He accepted an athletic scholarship to attend Auburn University, where he swam for the Auburn Tigers swimming and diving team in NCAA competition under Head Coach David Marsh from 2001 to 2005, serving as a Captain in his senior year.

At Auburn, Gangloff helped the team capture NCAA championships in two seasons from 2003-2004, and take Southeastern Conference titles all four years of his swimming eligibility. He won twelve honors as an All American, and gained individual SEC titles in the 100 and 200 breaststroke and in the medley relays for both the 200 and 400 distance. By his Senior year, he was considered American's third fastest swimmer in the breaststroke. Gangloff graduated from Auburn in 2005 with a bachelor's degree in criminology.

==2004 Athens Olympics==
Gangloff represented the United States at two consecutive Summer Olympics winning a gold medal in each. At the 2004 Summer Olympics in Athens, he earned a gold medal by swimming for the winning U.S. team in the preliminary heats of the 4×100-meter medley relay, an event in which the American team had long been dominant. Gangloff swam breaststroke in the second position in the second preliminary heat, which placed first with the team of Lenny Krazelberg, Michael Phelps, and Neil Walker as anchor. The preliminary team swam a 3:35.10, allowing the American team to advance to the finals, where the U.S. team, without Gangloff, later swam a combined time of 3:30.68.

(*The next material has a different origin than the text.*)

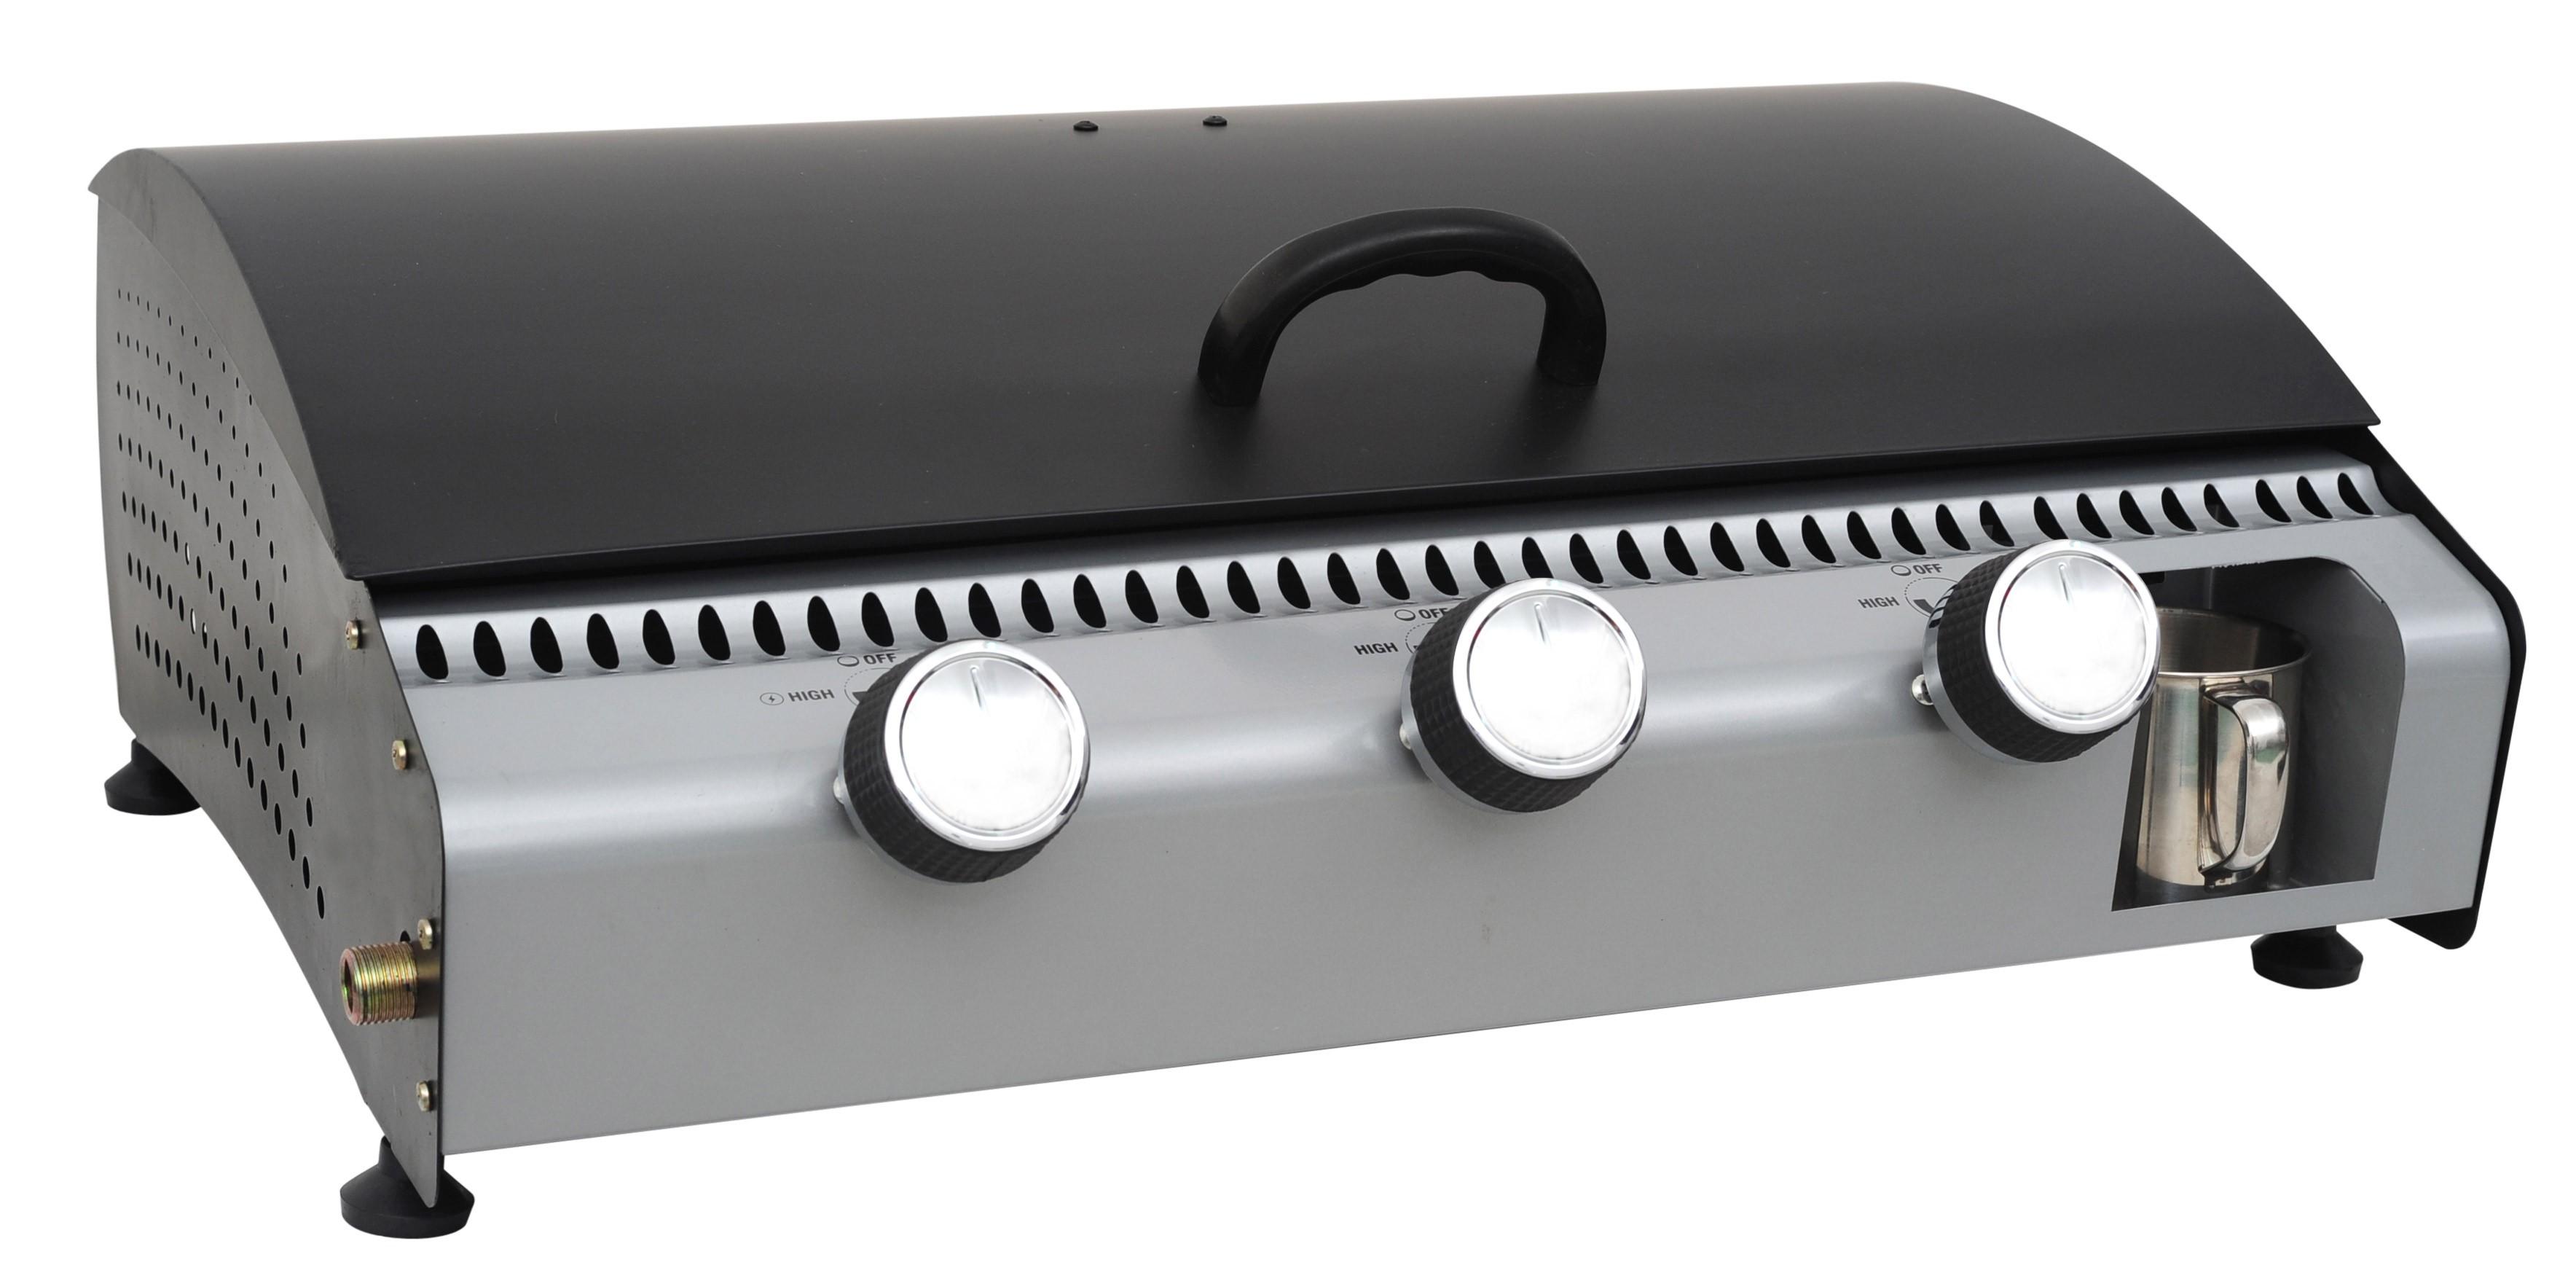 tepro gasgrill wurstbr ter plancha rockville grillfl che. Black Bedroom Furniture Sets. Home Design Ideas

In individual competition, he placed fourth in his signature event, the men's 100-meter breaststroke with a time of 1:01.17, placing him only .29 seconds from medal contention. The Gold, Silver and Bronze medals were won respectively by a Japanese, American and French swimmer. He finished behind the third place French swimmer Hugues Duboscq, who swam a time of 1:00.88 just edging out Gangloff for the bronze.

===International competition highlights===
In international competition, Gangloff swam in three Pan-American Games, taking 400 medley relay golds in 2003 and 2007. He had a first place medal in 2003 in the 100 breaststroke, and in 1999 captured a third place medal in the 200 breaststroke. Between 2005-2011, he was a gold medalist three times at the Long Course World Championships in the 4x100 medley relay in 2005 in Montreal, in 2009 in Rome, and in 2011 in Shanghai. In the Short Course World Championships, he was a gold medalist in the 4x100 medley relay in 2004 in Indianapolis and 2010 in Dubai.

Gangloff swam professionally in 2007, for Mechlinberg Aquatic Center in Charlotte, North Carolina, and swam as a U.S. team member during his career.

==2008 Beijing Olympics==
At the 2008 Summer Olympics in Beijing, he again participated in his signature event, the 100-meter breaststroke, and placed eighth in the event final with a time of 1:00.24 with the Japanese, Norwegian, and French teams taking the gold silver and bronze medals.

He took the gold medal in the 4×100-meter medley relay swimming breaststroke in Heat 2 of the preliminaries, where his team swam a combined time of 3:32.75, allowing the American team to advance to the finals. In the finals, swimming without Gangloff, the American medley relay team took the gold with a time of 3:29.34, with Australia taking the silver, and Japan taking the bronze.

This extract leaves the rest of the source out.